The DL model of method 2 was built upon the standard U-Net20 architecture for multi-class semantic segmentation (e.g., lungs, heart, and background). Similar to the XLSor model, the DL model of method 2 applied self-attention modules to improve discriminative feature representation ability. The channel attention block of the attention module extracted the inter-channel relationships of the input feature map. The spatial channel block encoded the relative importance of each spatial position of the input feature map21. Because of the self-contained nature of the attention module, it could be located in the U-Net architecture at any point and in any number. The current implementation applied the attention modules at shallow layers of both contracting and expanding paths of the U-Net, which was determined empirically. The code for DL models of both methods is accessible in Github (https://github.com/mkmk0612/segmentation-based-cardiomegaly-detection).

Training and validation details

Of the total data, 80% were used as training data and the remaining 20% were used as validation data for semantic segmentation. This split was conducted for three datasets, respectively, and the resulting sets were recombined for training and validation. Because of the variation in the image intensity of CXRs in the dataset, histogram equalization was applied to reduce source-dependent variance and increase the levels of contrast before feeding CXRs into the DL models for both training and testing. Furthermore, because of the variation in the image resolution of CXRs, all CXR images were rescaled into 512 × 512 pixels, which enabled retention of sufficient visual details to delineate boundaries of the lungs and heart. Since the conventional data augmentation schemes based on affine transformations (e.g., shifting, flipping, and zooming) did not improve performance in pilot trials, data augmentation was not applied. Following prediction of lung and heart masks, image post-processing (e.g., small object removal and hole filling) was performed to further improve segmentation, followed by automatic calculation of CTR.
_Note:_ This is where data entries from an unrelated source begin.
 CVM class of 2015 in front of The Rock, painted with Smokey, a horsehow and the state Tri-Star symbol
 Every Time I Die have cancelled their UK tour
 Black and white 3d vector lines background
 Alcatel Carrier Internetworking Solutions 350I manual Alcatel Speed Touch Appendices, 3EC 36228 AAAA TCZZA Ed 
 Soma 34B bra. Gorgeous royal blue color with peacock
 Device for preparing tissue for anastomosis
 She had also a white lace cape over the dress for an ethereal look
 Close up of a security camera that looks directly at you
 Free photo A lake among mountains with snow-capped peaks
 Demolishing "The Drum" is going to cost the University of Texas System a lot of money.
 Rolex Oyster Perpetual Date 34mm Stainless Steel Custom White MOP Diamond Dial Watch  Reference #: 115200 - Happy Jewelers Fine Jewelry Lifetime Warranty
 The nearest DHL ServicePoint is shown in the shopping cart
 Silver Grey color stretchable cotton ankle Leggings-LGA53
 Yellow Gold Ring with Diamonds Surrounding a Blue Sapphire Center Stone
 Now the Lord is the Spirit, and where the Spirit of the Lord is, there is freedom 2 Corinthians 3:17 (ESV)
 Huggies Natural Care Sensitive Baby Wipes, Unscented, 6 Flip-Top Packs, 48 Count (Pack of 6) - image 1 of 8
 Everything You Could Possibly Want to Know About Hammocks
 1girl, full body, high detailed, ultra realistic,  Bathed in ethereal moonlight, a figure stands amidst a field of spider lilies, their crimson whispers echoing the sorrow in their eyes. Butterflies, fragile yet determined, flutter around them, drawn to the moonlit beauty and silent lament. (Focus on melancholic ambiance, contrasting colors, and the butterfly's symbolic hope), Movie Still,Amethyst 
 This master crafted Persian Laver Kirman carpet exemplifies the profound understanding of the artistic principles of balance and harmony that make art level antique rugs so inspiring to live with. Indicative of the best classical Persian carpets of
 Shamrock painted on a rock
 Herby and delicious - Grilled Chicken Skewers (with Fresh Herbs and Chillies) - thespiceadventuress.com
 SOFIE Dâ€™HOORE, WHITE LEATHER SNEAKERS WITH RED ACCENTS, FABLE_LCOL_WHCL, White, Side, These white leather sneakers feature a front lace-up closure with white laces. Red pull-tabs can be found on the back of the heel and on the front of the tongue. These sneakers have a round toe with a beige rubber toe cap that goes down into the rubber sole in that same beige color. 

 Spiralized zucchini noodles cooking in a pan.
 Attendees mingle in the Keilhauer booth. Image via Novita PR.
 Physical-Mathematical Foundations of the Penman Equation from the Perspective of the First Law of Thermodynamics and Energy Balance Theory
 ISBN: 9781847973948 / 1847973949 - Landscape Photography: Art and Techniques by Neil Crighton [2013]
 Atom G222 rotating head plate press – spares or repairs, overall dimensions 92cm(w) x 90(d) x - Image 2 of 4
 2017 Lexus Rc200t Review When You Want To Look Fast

DL models were implemented using the PyTorch framework (https://www.pytorch.org/) with a CUDA backend. The entire networks of both DL models were trained end-to-end using the stochastic gradient descent optimizer with a mini-batch size of 4. For the DL model of method 1, the initial learning rate was 0.02 and was updated using a ploy learning rate policy18. For the DL model of method 2, the base learning rate was set to 0.01 and subsequently decreased by a factor of 10 when the validation set accuracy stopped improving. For both DL models, the mean square error loss function was employed, and the number of iterations for training was set to 40,000 on two graphic cards (GTX Titan XP; NVIDIA, Santa Clara, CA, USA). Early stopping was applied to avoid overfitting.

Statistical analysis

All statistical analyses were performed using Minitab software (Minitab 17.3.1; Minitab LLC, Sate College, PA, USA) and R-programming (Version 3.1.2 [2014]; R Foundation for Statistical Computing, Vienna, Austria). Diagnostic performance was evaluated in terms of accuracy, sensitivity, specificity, and AUC; the cutoff value of the CTR regarded as cardiomegaly was set to 0.5 in accordance with the regular diagnostic practice. Reliability of automatic CTR calculation was determined using MAE and the paired t-test for the test dataset. A p-value < 0.05 was considered to indicate a significant difference between automatic and manual calculations.